Assignment: The output must consist only of the lines from the one with "Streets-of-Dublin-Photo--34.jpg" through the end of the listing, restated exactly and free of pictures.

Input data:

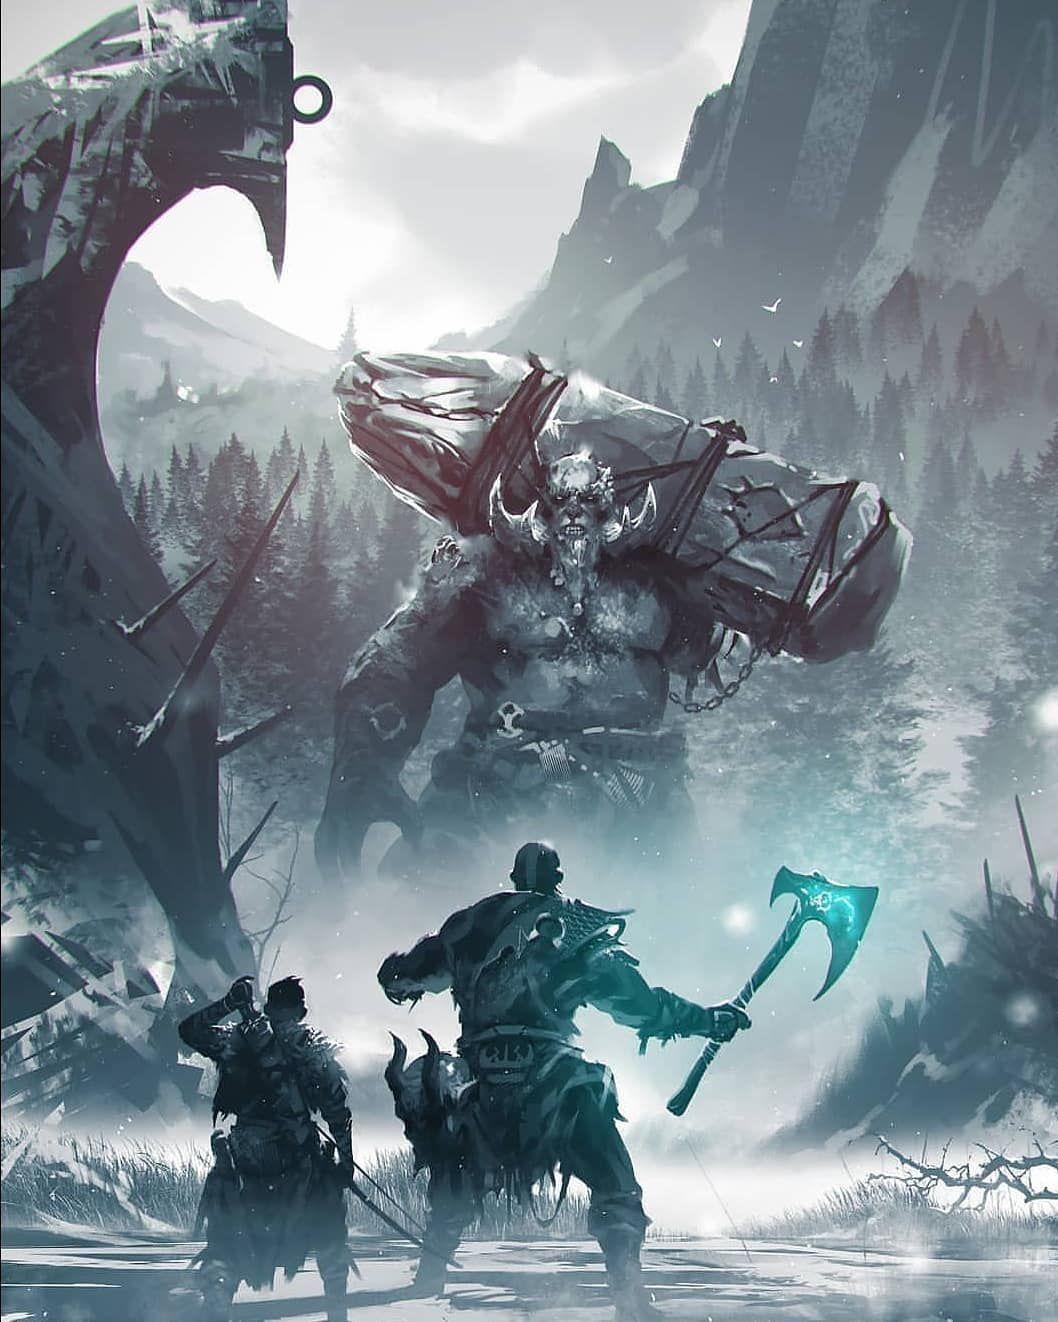 Moalins World Art Page On Instagram God Of War By Kalmahul Godofwar Artclubcommunion Comingofbe God Of War Kratos God Of War World Art
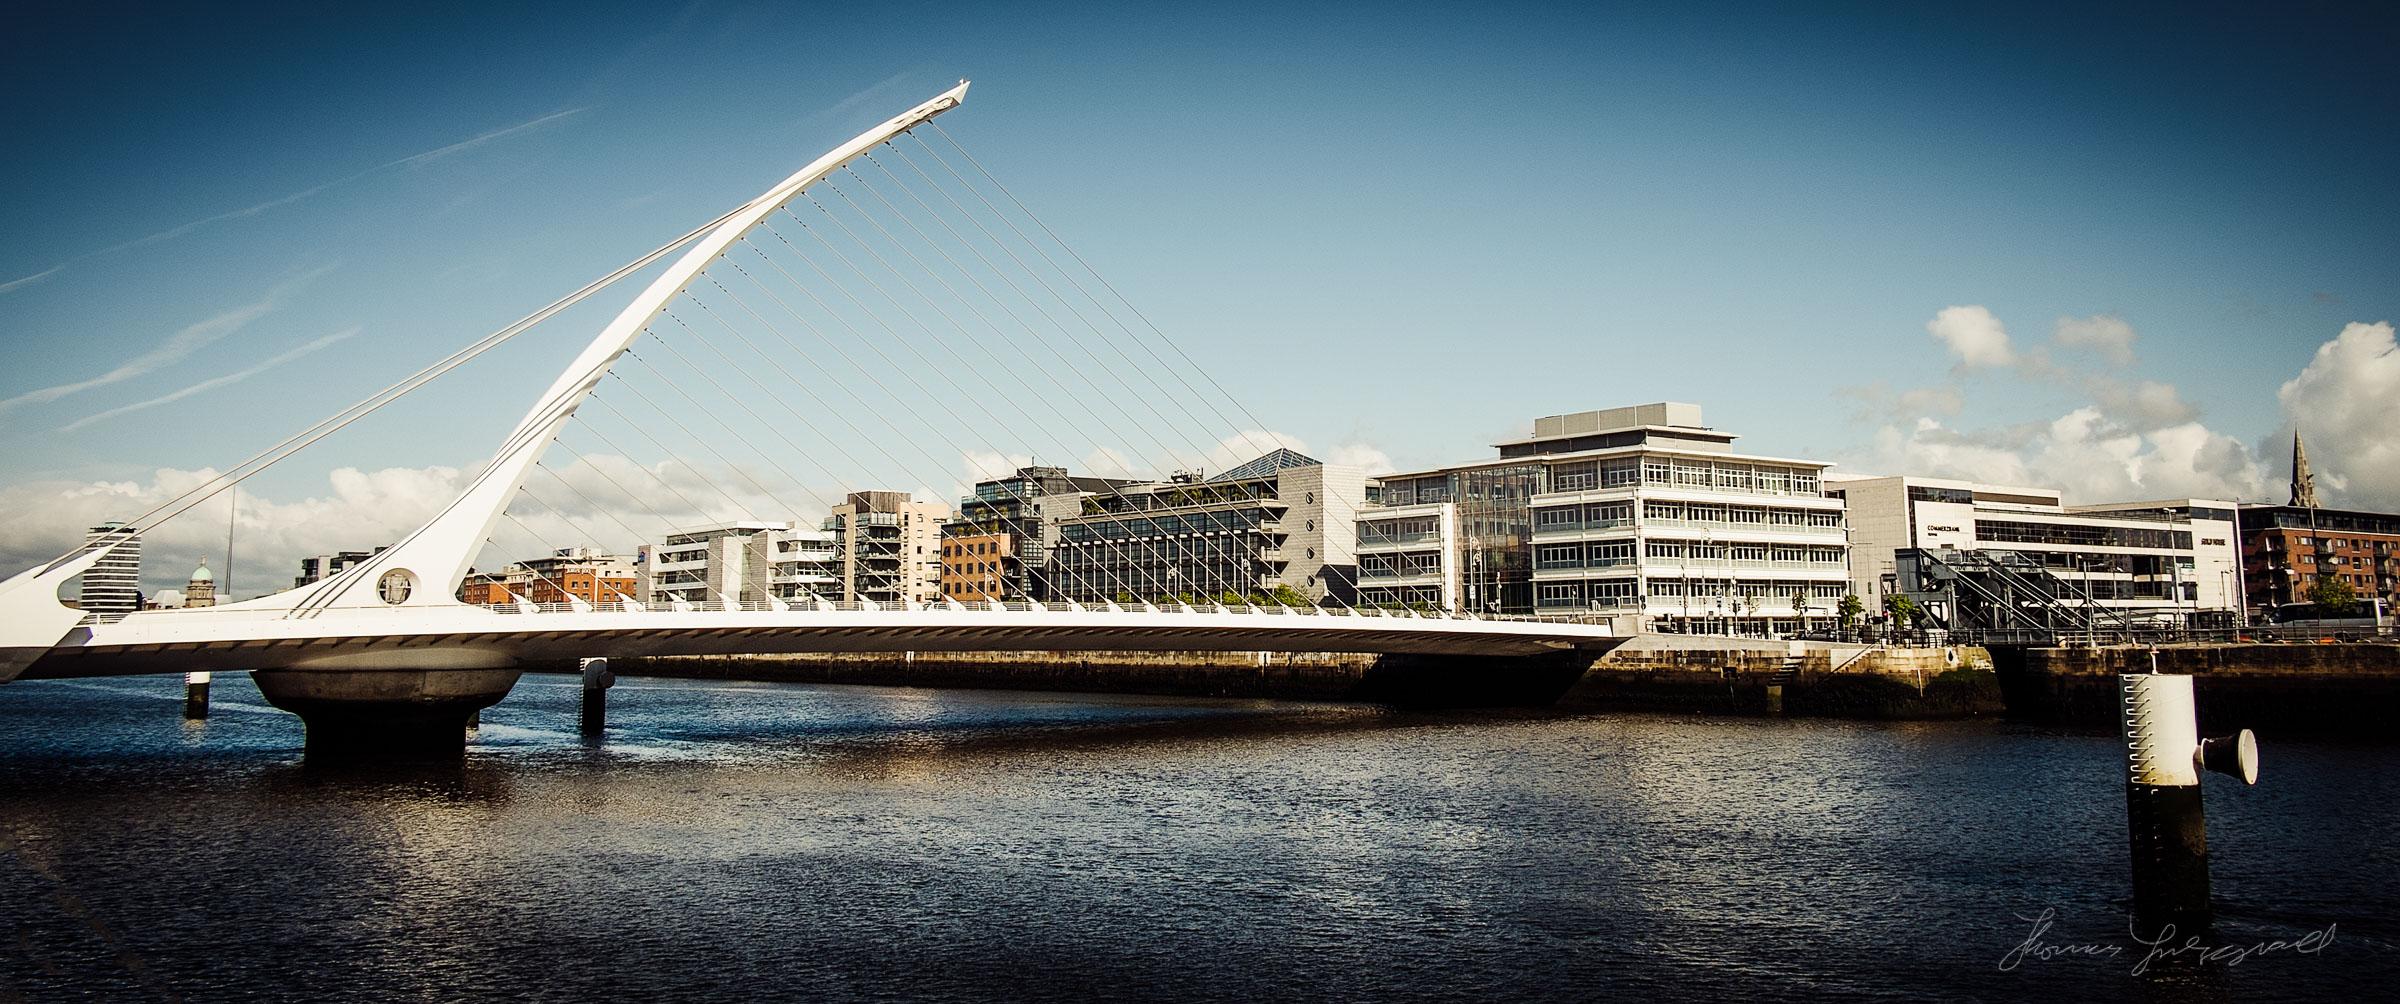 Streets-of-Dublin-Photo--34.jpg
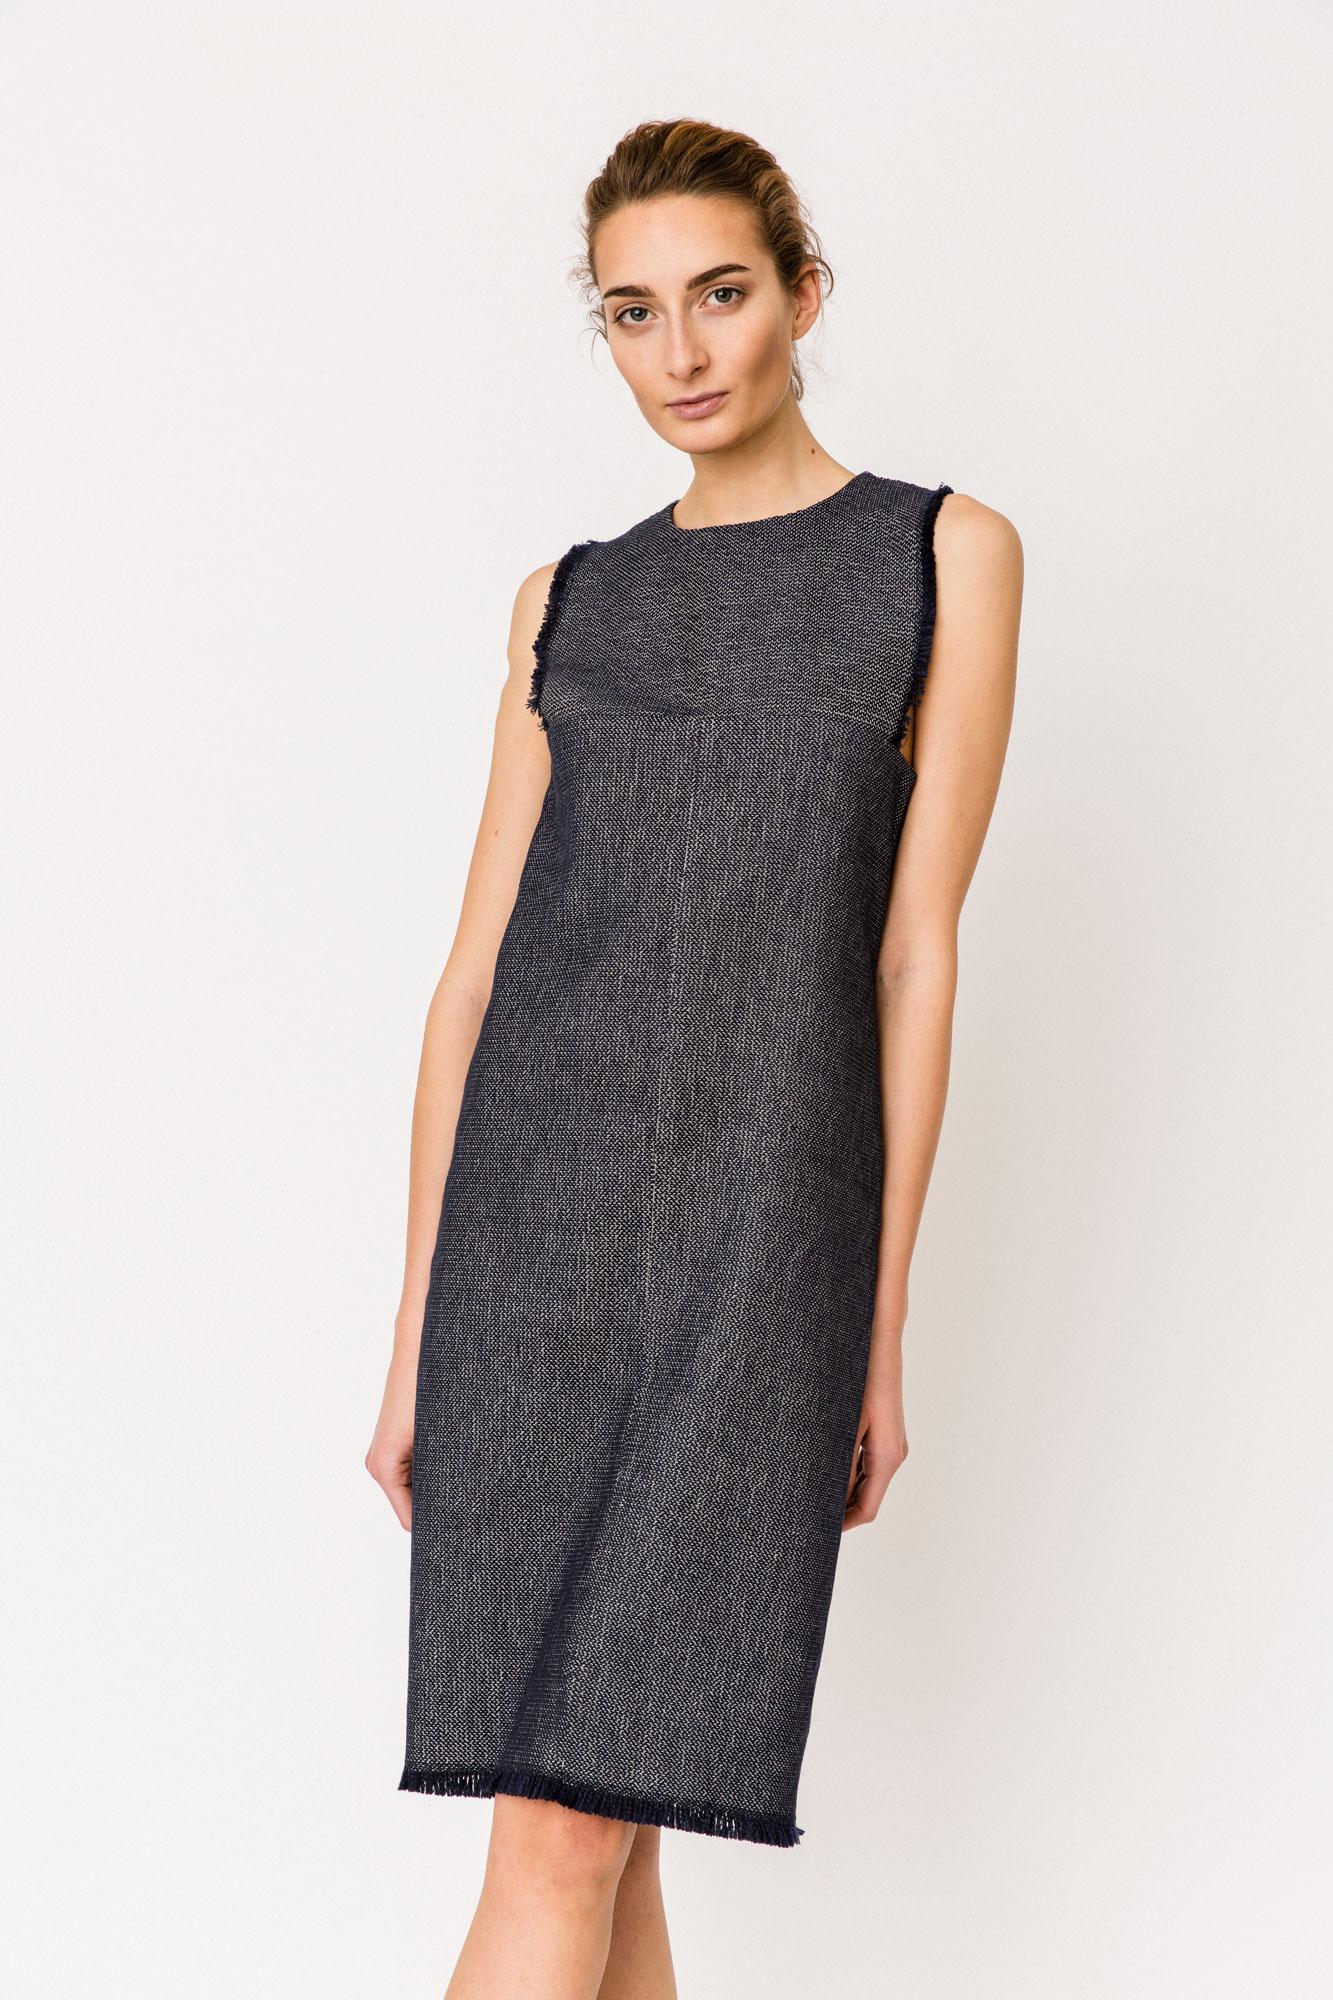 S18-09Plica_Dress1

Solved exercise:
 Streets-of-Dublin-Photo--34.jpg
 S18-09Plica_Dress1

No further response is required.